** Opening Given information block **

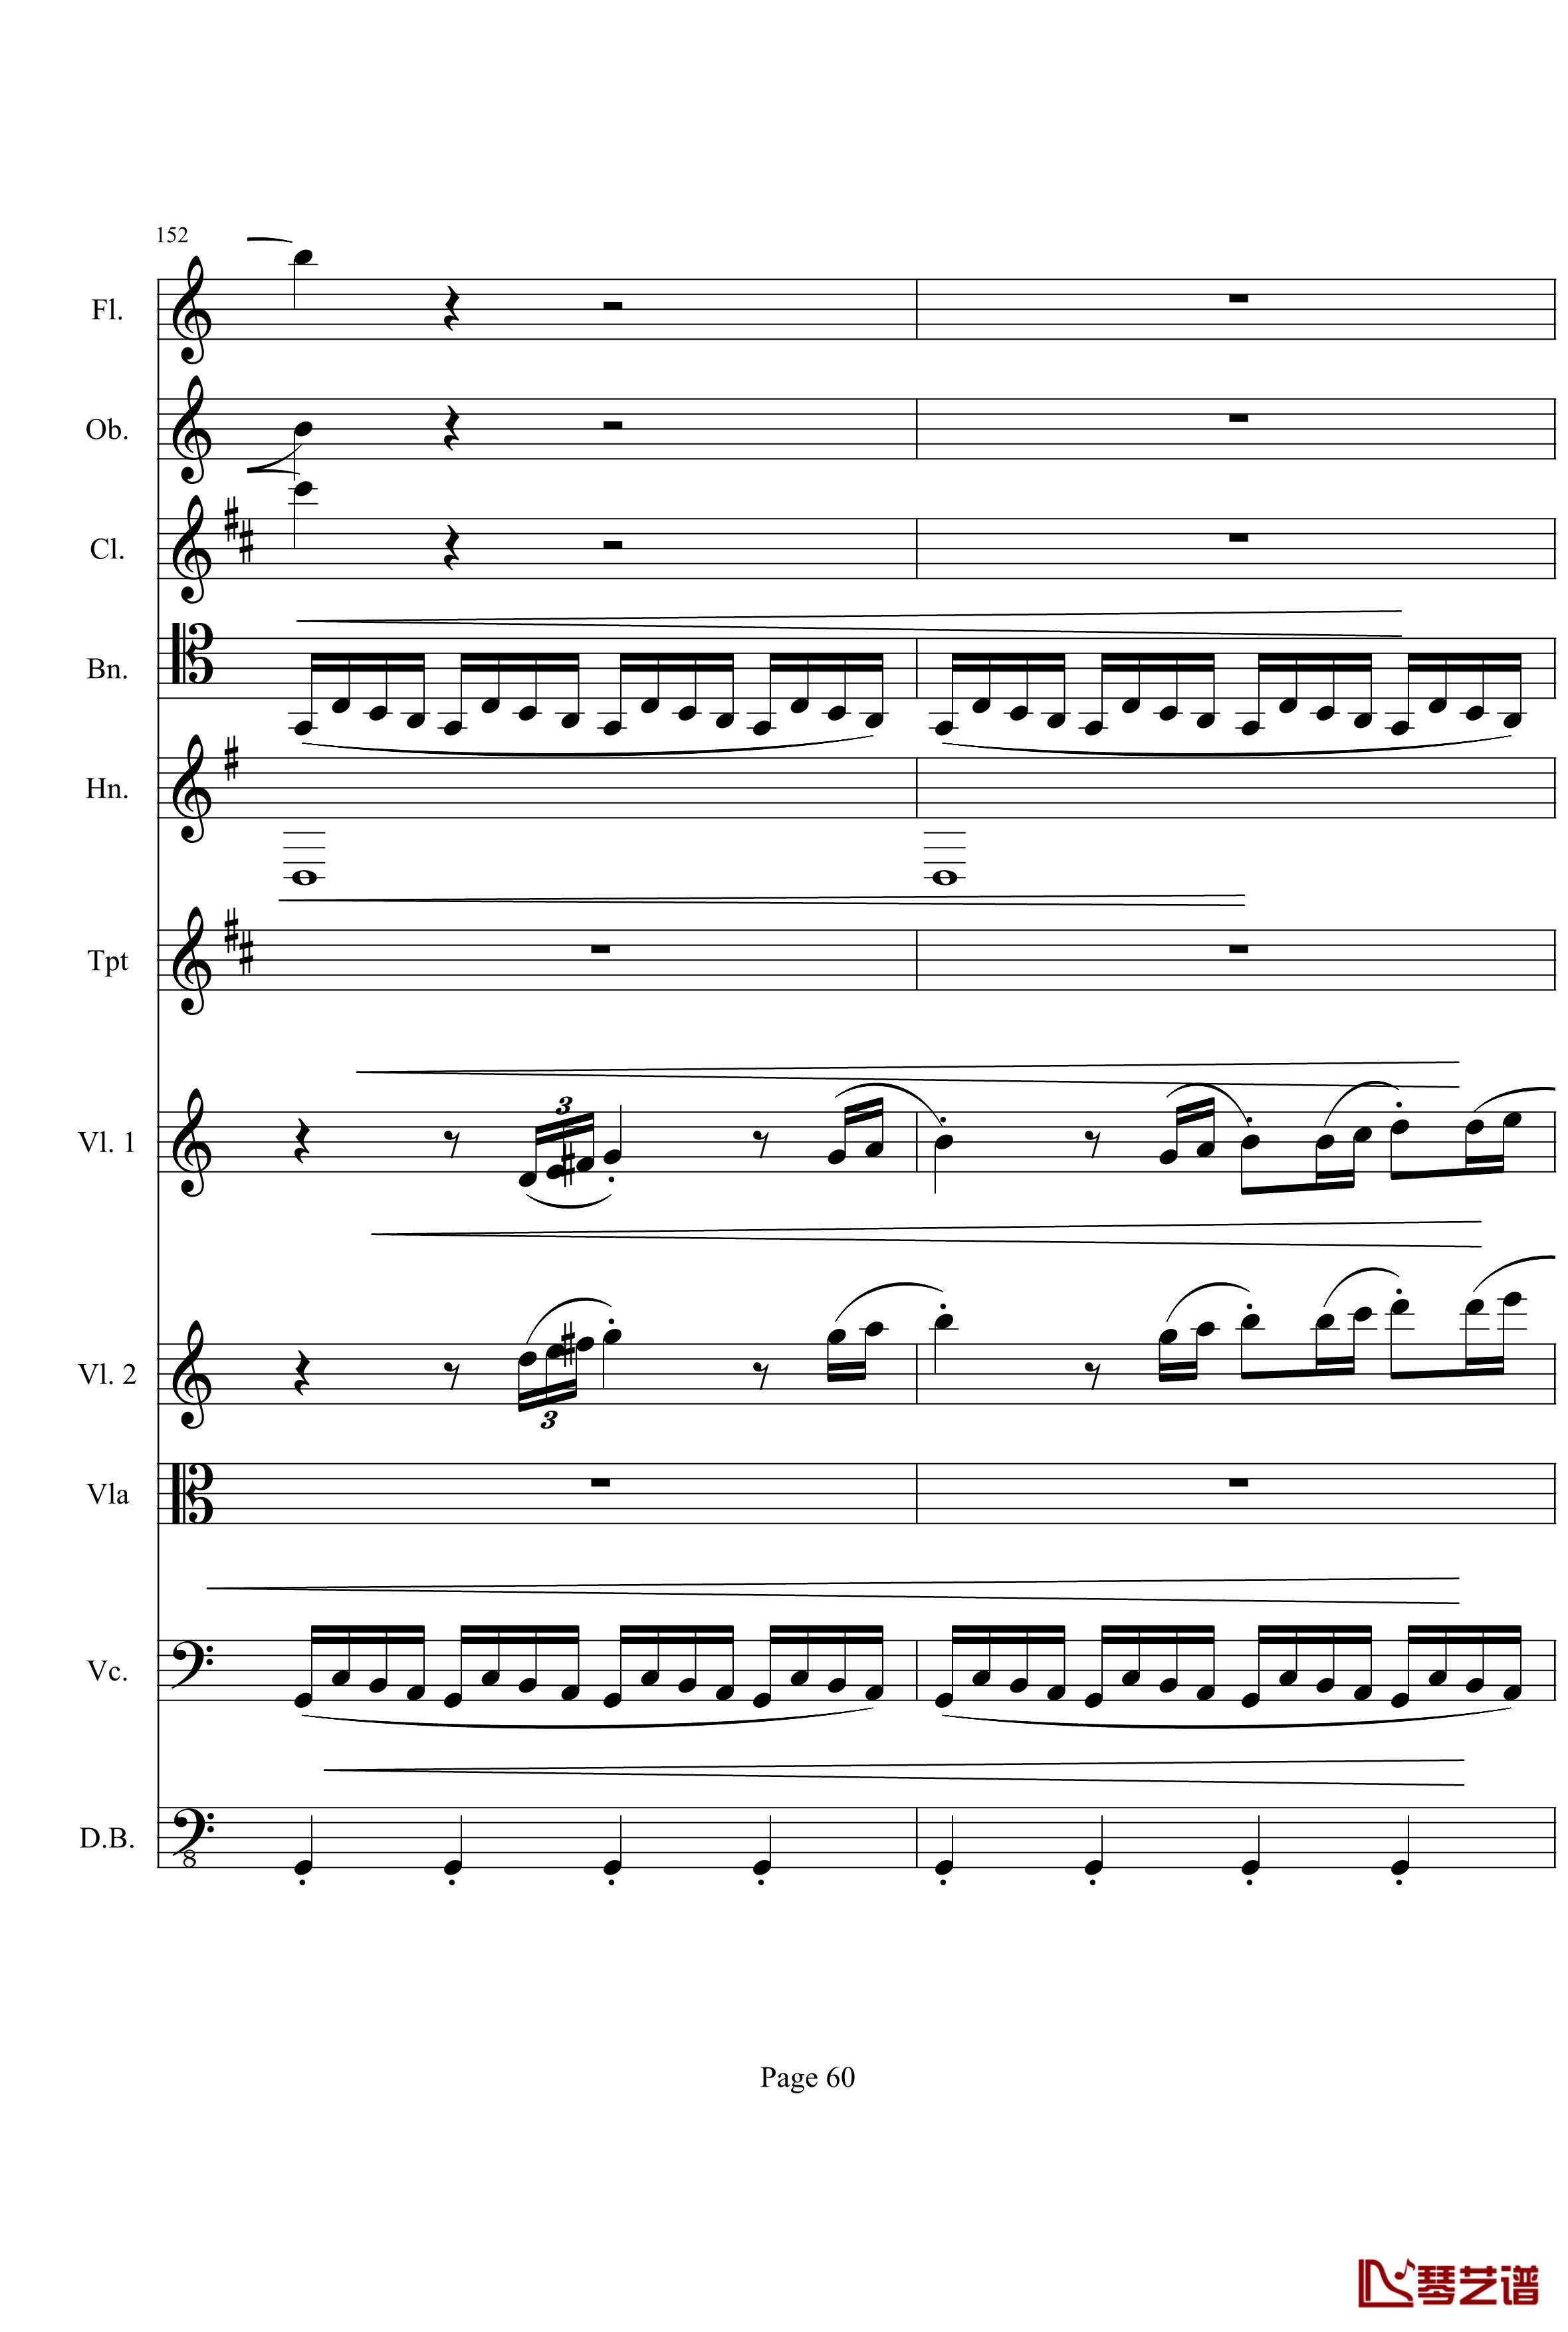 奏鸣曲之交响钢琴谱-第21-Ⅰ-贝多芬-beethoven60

** Closing Given information block **
** Opening Given information block **

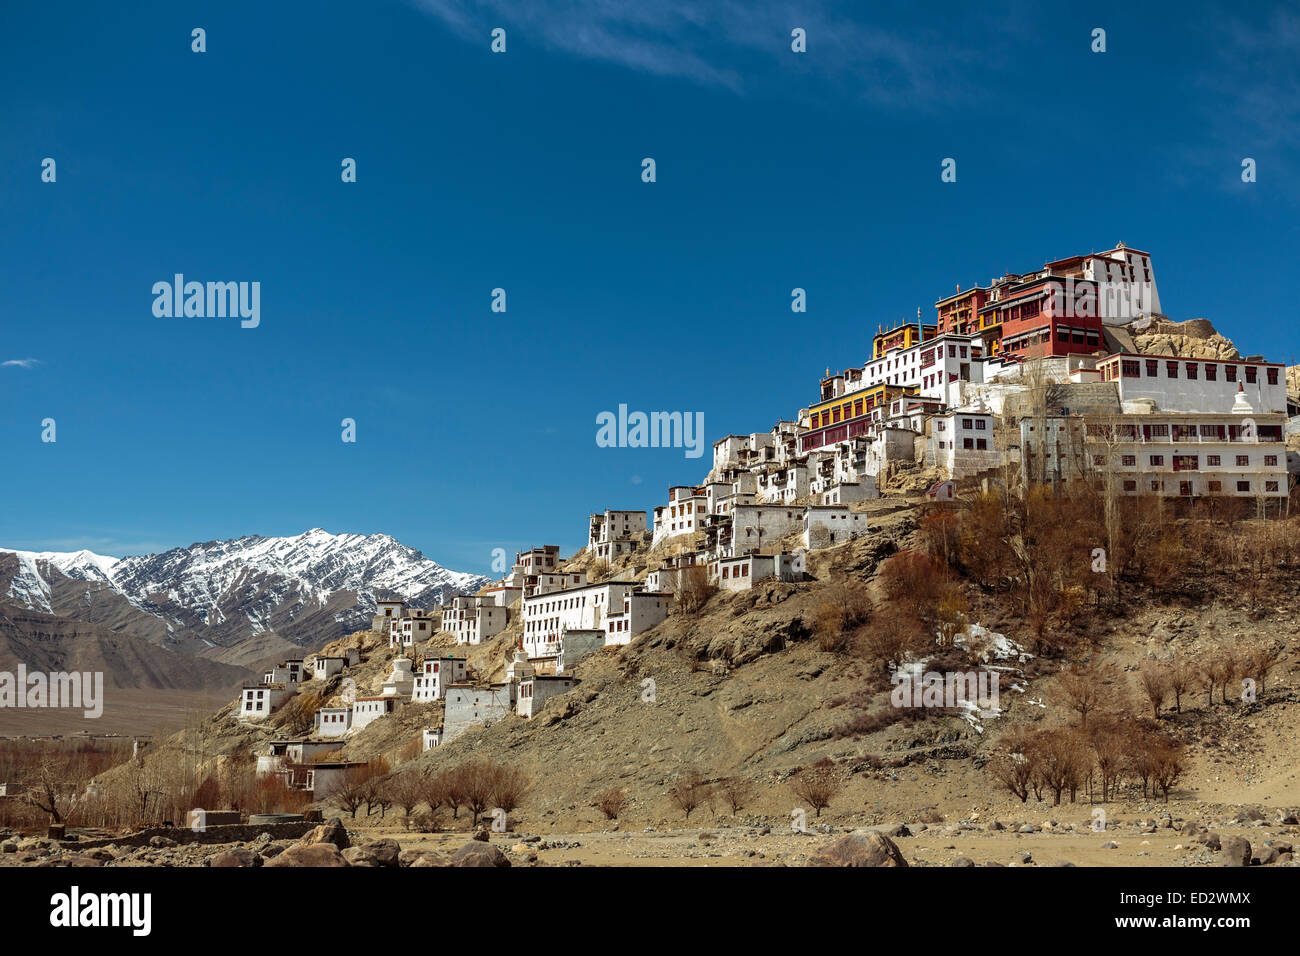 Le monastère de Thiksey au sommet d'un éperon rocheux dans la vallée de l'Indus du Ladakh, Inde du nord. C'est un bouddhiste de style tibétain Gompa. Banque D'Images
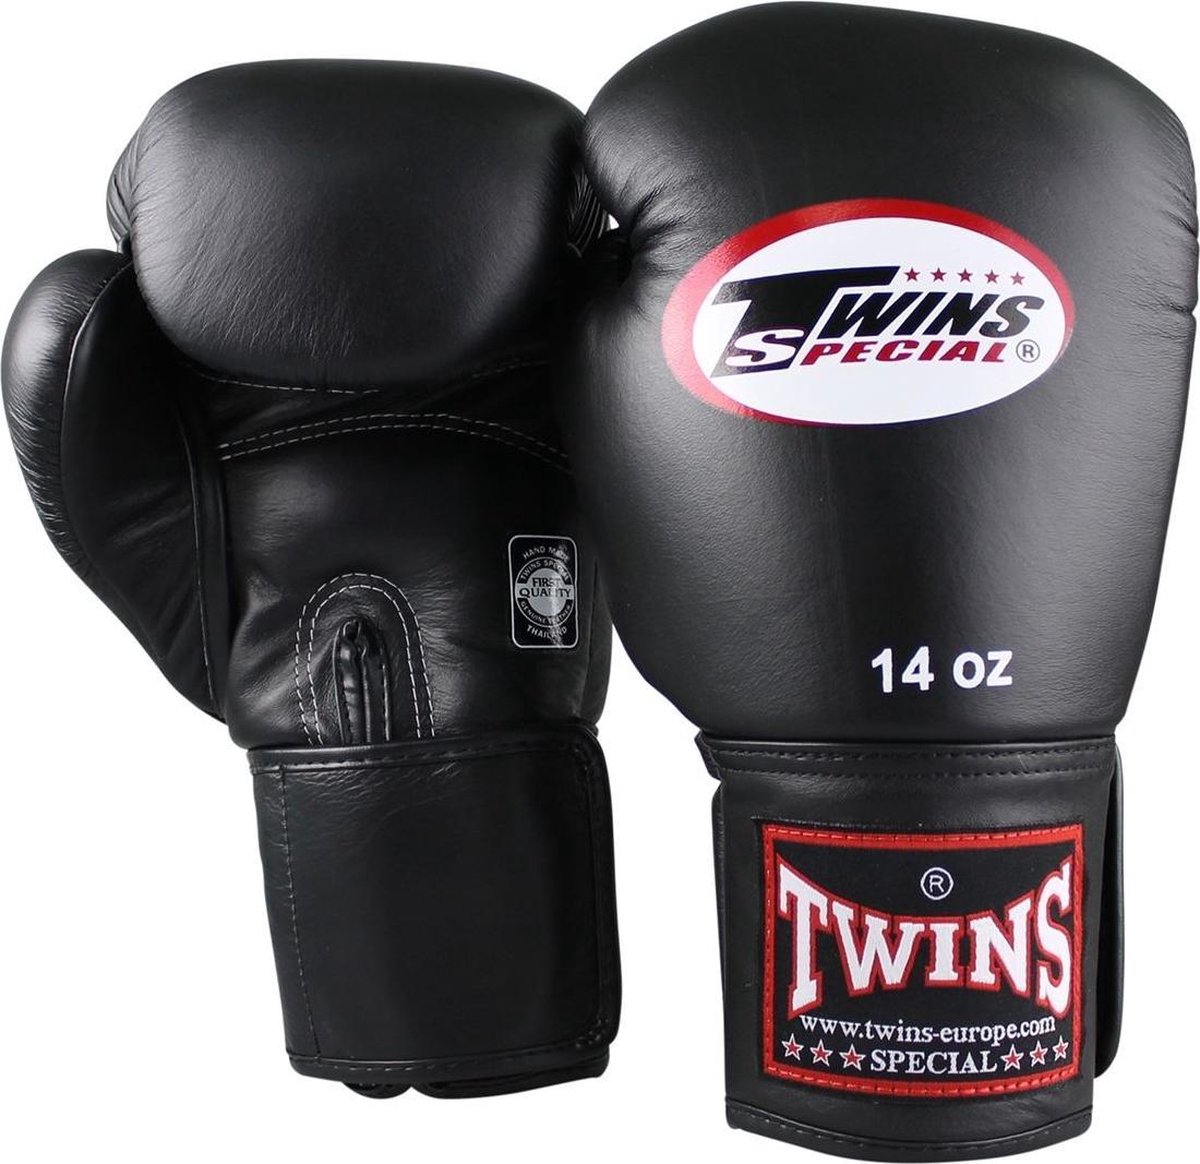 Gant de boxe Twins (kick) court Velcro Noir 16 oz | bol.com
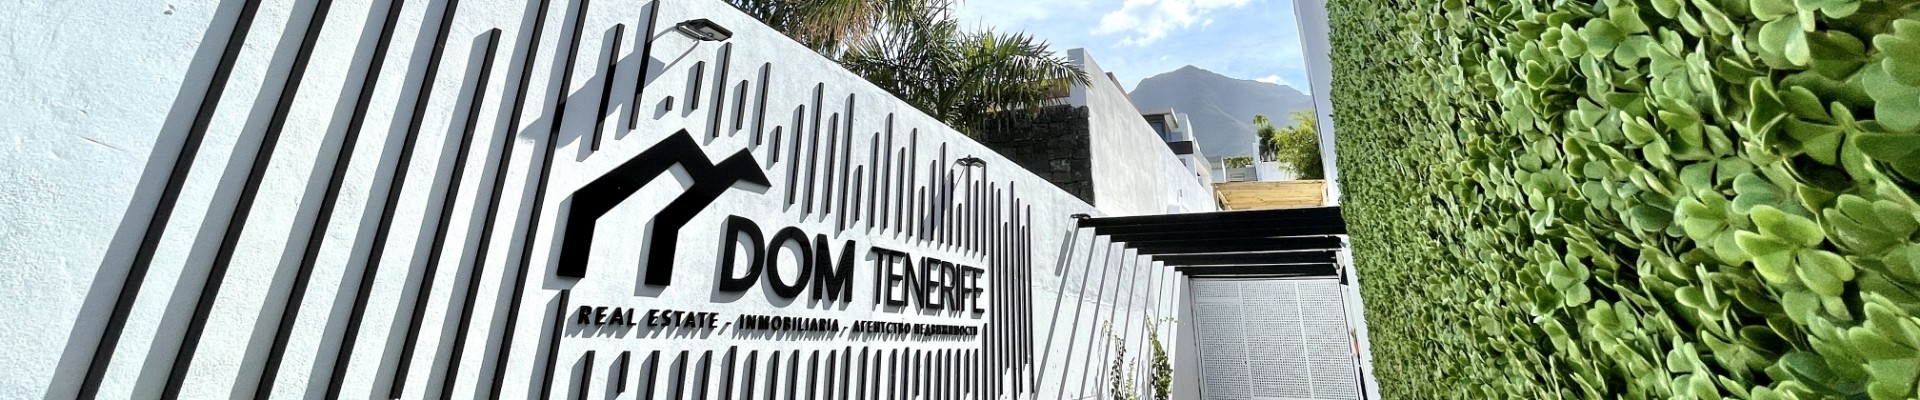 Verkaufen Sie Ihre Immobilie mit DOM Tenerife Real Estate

** Closing Given information block **

- [What you will do] Everything from the line with "Le monastère de" down to the line with "Verkaufen Sie Ihre" in the data above should be copied exactly, with both end lines kept and the pictures left out.

- [Exercise solution]
 Le monastère de Thiksey au sommet d'un éperon rocheux dans la vallée de l'Indus du Ladakh, Inde du nord. C'est un bouddhiste de style tibétain Gompa. Banque D'Images
 Gant de boxe Twins (kick) court Velcro Noir 16 oz | bol.com
 Verkaufen Sie Ihre Immobilie mit DOM Tenerife Real Estate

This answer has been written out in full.